Presentation
Unable to walk with intense pain in the lower legs and numbness in the lower extremities for 10 days.
Patient Data
Severe atherosclerotic disease in the proximal abdominal aorta. Complete occlusion of the abdominal aorta, age indeterminate, below the level of renal arteries. The celiac trunk, superior mesenteric artery, and renal arteries are opacified with contrast. Contrast is visualized in the inferior mesenteric artery, likely through collaterals.
There is complete occlusion of bilateral common iliac, external, and internal iliac arteries, with reconstitution of contrast in the common femoral arteries through collaterals.

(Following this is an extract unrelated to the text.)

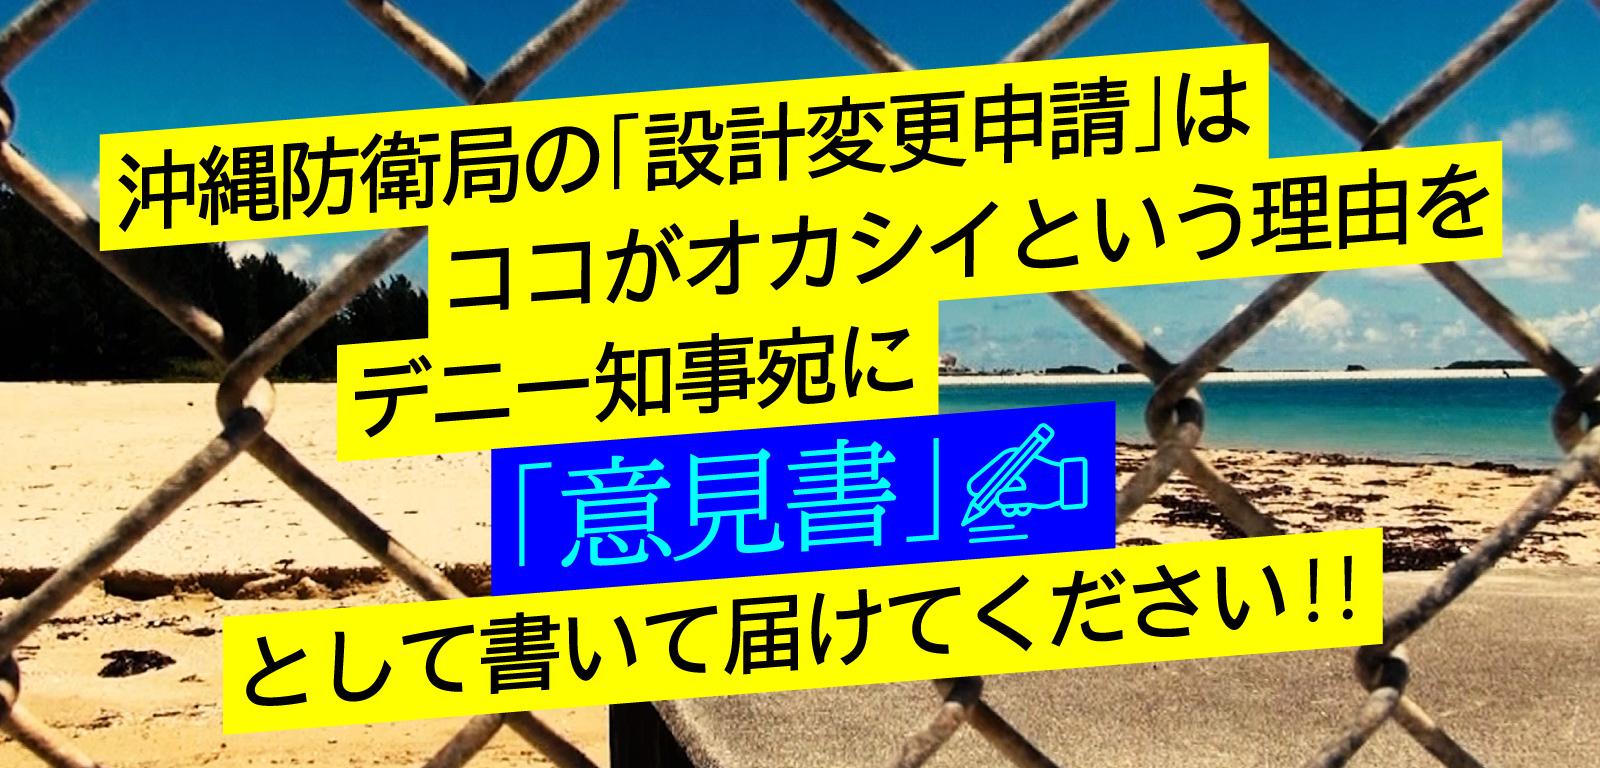 沖縄防衛局の「設計変更申請」はココがオカシイを玉城デニー知事に「意見書」として届けて下さい!!

More than 50% stenosis in bilateral common femoral arteries. The superficial femoral arteries are patent. Large calcified plaques are visualized in bilateral superficial femoral arteries distally. Contrast is visualized in bilateral popliteal arteries, which are diminutive. Contrast enhancement is visualized in the right leg and anterior-posterior tibialis arteries up to approximately 8 cm above the ankle. On the left side, contrast enhancement is visualized in the anterior and posterior tibialis arteries up to approximately 9 cm above the ankle. No contrast enhancement is visualized in the arteries in bilateral.
Conclusion:
Complete occlusion of the mid-abdominal aorta and bilateral iliac arteries , likely due to atherosclerosis.
Case Discussion
This represents a case of abdominal aortic thrombosis in a patient with a medical history of hypertension, diabetes, and complex regional pain syndrome. An aortic bifemoral bypass was suggested as part of the treatment plan.